**Required action:**
The data below is to be written out exactly, with no pictures.

**Dataset section:**
-*-*-

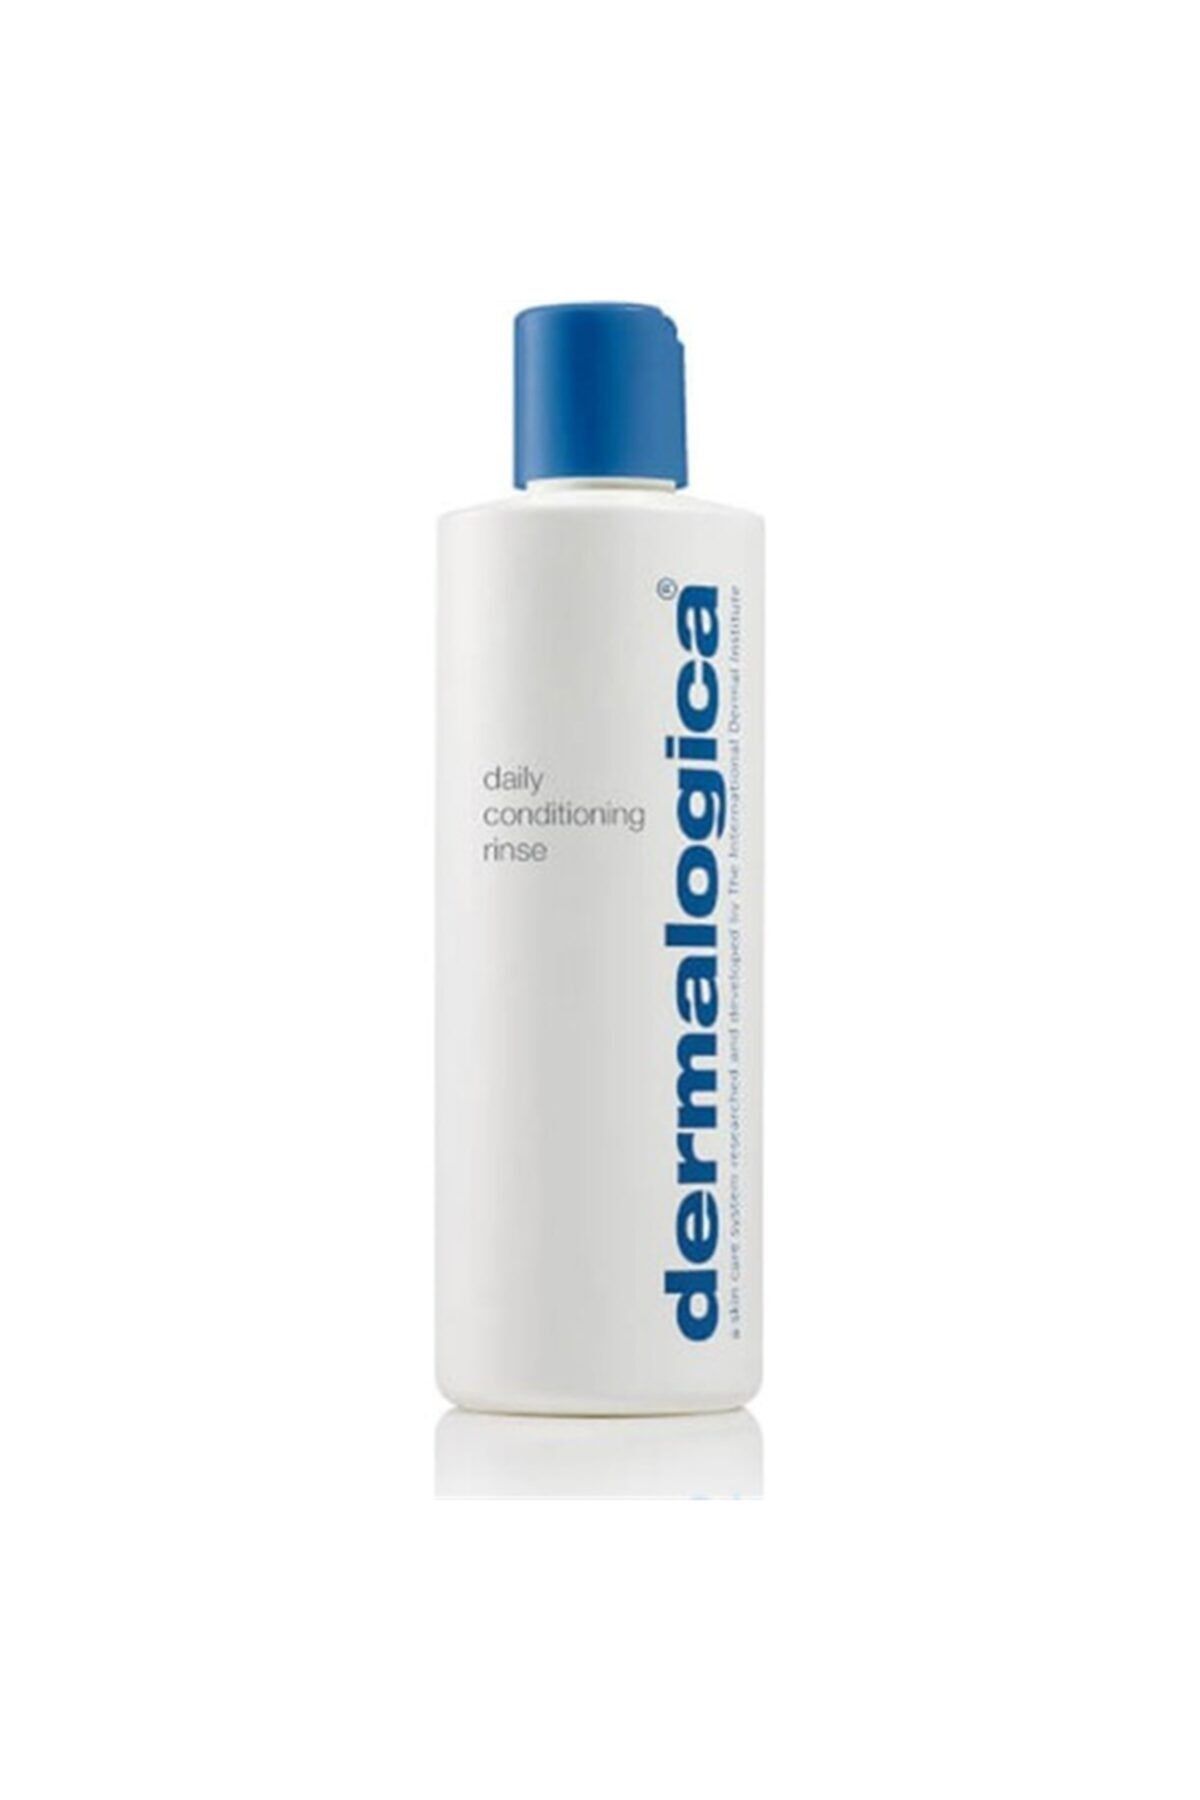 Dermalogica Daily Conditioning Rinse 250 ml
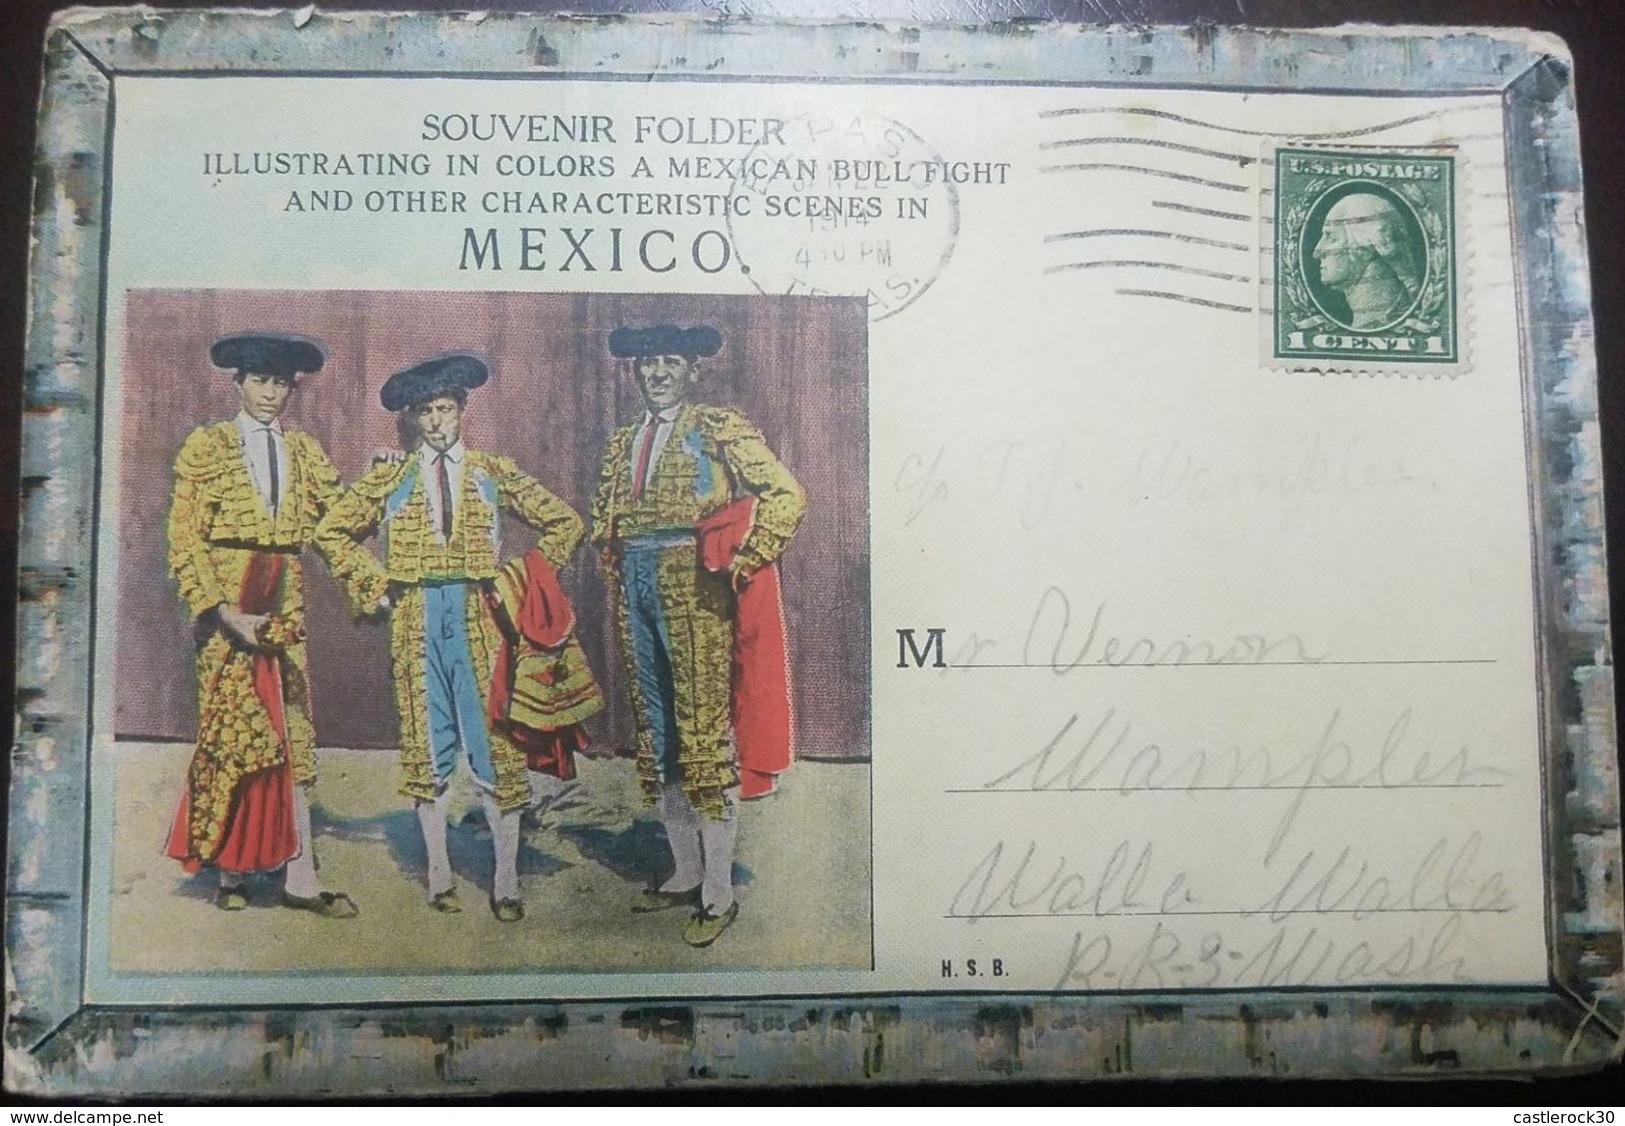 O)  1914 UNITED STATES, SOUVENIR FOLDER MEXICO,  BULLFIGHTING- TRADITIONS-CULTURE-CULTIRA, WASHINGTON 1 CENT GREEN, FROM - 1901-20
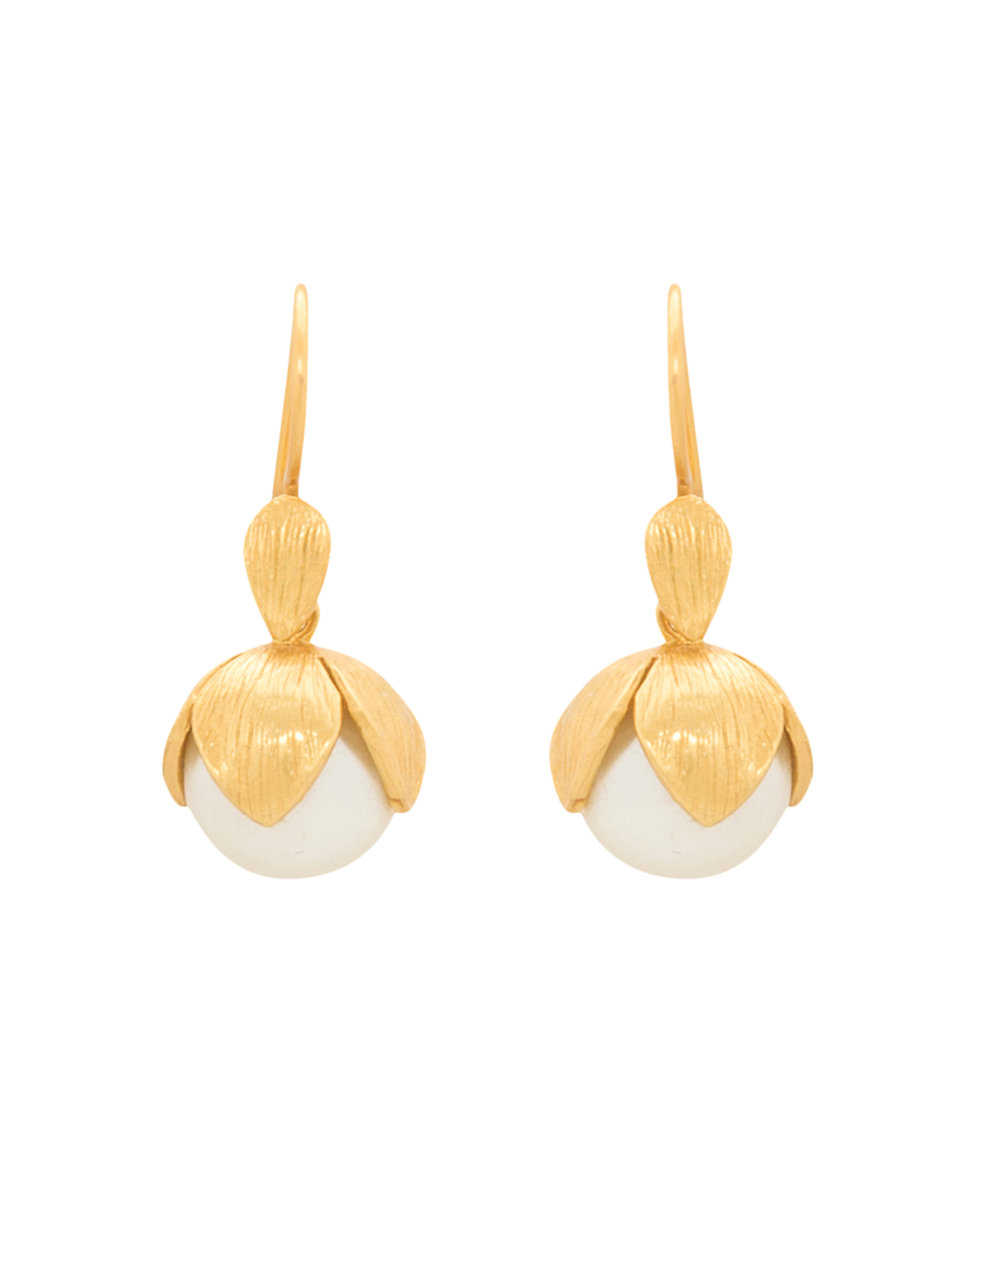   A piece of jewelry that catches the eye and adds interest to any outfit.  Julie Vos Penelope Gold Shell Pearl Earring, $148.

-*-*-

**Response to the exercise:**
 Dermalogica Daily Conditioning Rinse 250 ml
 O)  1914 UNITED STATES, SOUVENIR FOLDER MEXICO,  BULLFIGHTING- TRADITIONS-CULTURE-CULTIRA, WASHINGTON 1 CENT GREEN, FROM - 1901-20
   A piece of jewelry that catches the eye and adds interest to any outfit.  Julie Vos Penelope Gold Shell Pearl Earring, $148.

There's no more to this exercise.